Last week California’s Oroville Dam, the tallest dam in the United States, almost failed due to a surplus of water filling Lake Oroville. As the lake filled higher and higher, water was being released, via spillways, into the Feather River. The volume of water caused erosion of the dam’s main spillway, causing it to crater and break apart. As a result, the dam’s emergency spillway began to erode. That spillway had never been used and was unlined. The lack of concrete lining may have led to its erosion as well.
Nearly 200,000 people were evacuated from the area, many of them fleeing to higher ground cities like Sutter. As the water began to recede, residents began to travel back home.
But what went wrong? What caused the damage in the first place?
The Oroville Dam project was approved in by voters in 1960, when there were just 16 million people living in California. Now there are 40 million residents living in the state, and its waterworks were not designed to service so many people or deal with severe weather. They are inefficient and aging. They also weren’t designed to cope with the climate change we’re experiencing today. It’s important to note that California has always experienced wet and dry periods. However, the problem is the severity of the weather – which is attributed to climate change.

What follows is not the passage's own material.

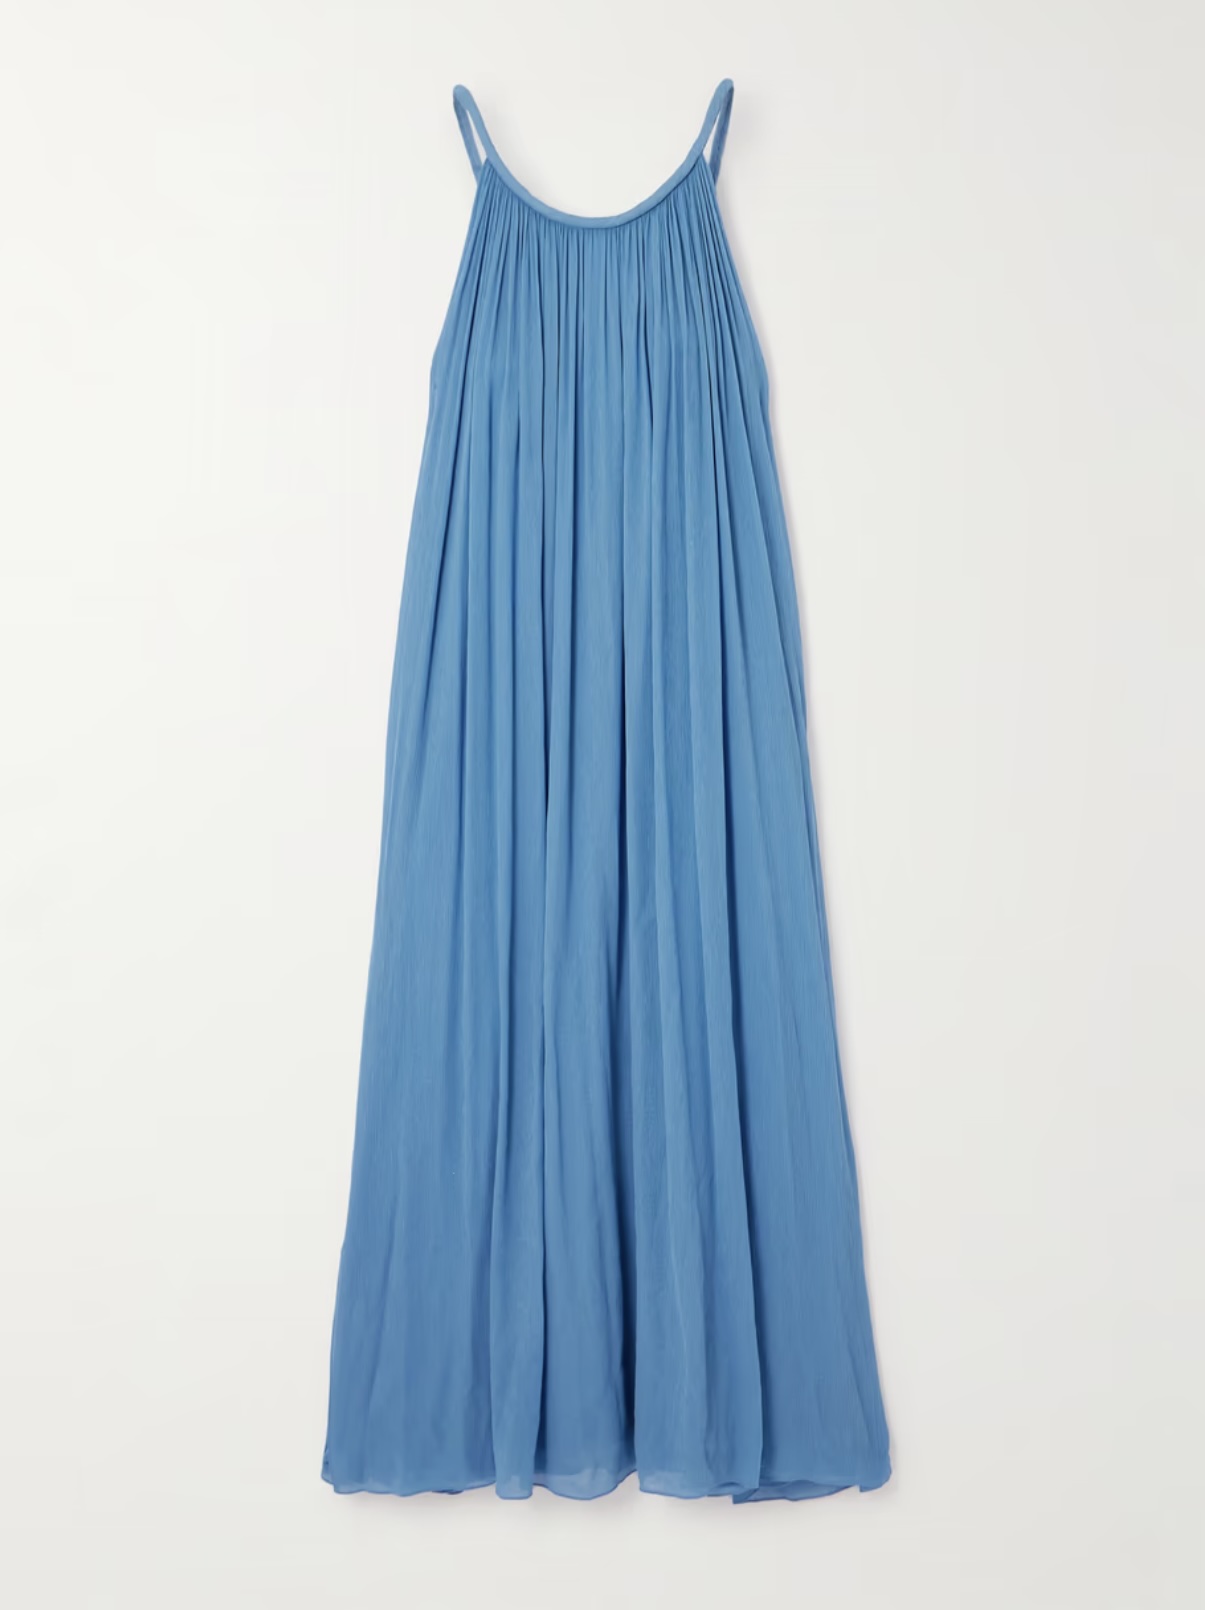 Где найти длинное голубое платье как у Виктории Бекхэм?

The American Society of Civil Engineers gave Oroville and many other United States dams a “D” grade because the dams are aging and underfunded. According to John France, an expert with the ACSE, “Designers of older dams didn’t know as much as engineers do now about how dams perform when stressed, which can lead to design deficiencies.”
For several years, environmentalists had warned that the emergency spillway should be lined with concrete. Government officials ignored the warning, as the project would cost a lot of money and nobody wanted to allocate the money or foot the bill.
Now forensic engineers are looking at the dam to try to understand what caused the damage. Did the soil beneath the spillways dry out due to the drought?
“Was something wrong with the concrete? Did something happen underneath? Lester Snow, former state water director, wants to know. “If we can’t rely on the main spillway, we can’t ever fill Oroville again.”
One possible theory is cavitation, which happens when fast-moving water creates explosive vapor-pockets that cause concrete to shatter.
Forensic engineers will have a tough time investigating. Unfortunately, much or all of the evidence has washed away. There will be no real way to accurately pinpoint whether the disaster was the result of bad maintenance or bad design. Not only that, the main priority of officials is to get the dam functioning safely again, not on what lead to the disaster. That investigation will come later.
As a second round of severe storms (but not as severe as the first) ran through the state, officials worked to slow the drainage of the lake and allow work crews and engineers to begin clearing soil, rocks and debris from the damaged spillways and the Feather River. The debris had impacted the downstream hydroelectric plant, causing it to cease operations. Efforts to reinforce the emergency spillway before more rain arrived included the use of helicopters and trucks to fill three deep craters in the dirt hillside with cement and large rocks.
According to state Department of Water Resources acting director Bill Croyle, just prior to the second storm, repairs on one erosion site were done. Repairs to the second site were at 25%, and repairs to the third site were at 69%, Croyle said.
According to early estimates, repairs to the dam could run $200 million dollars or more.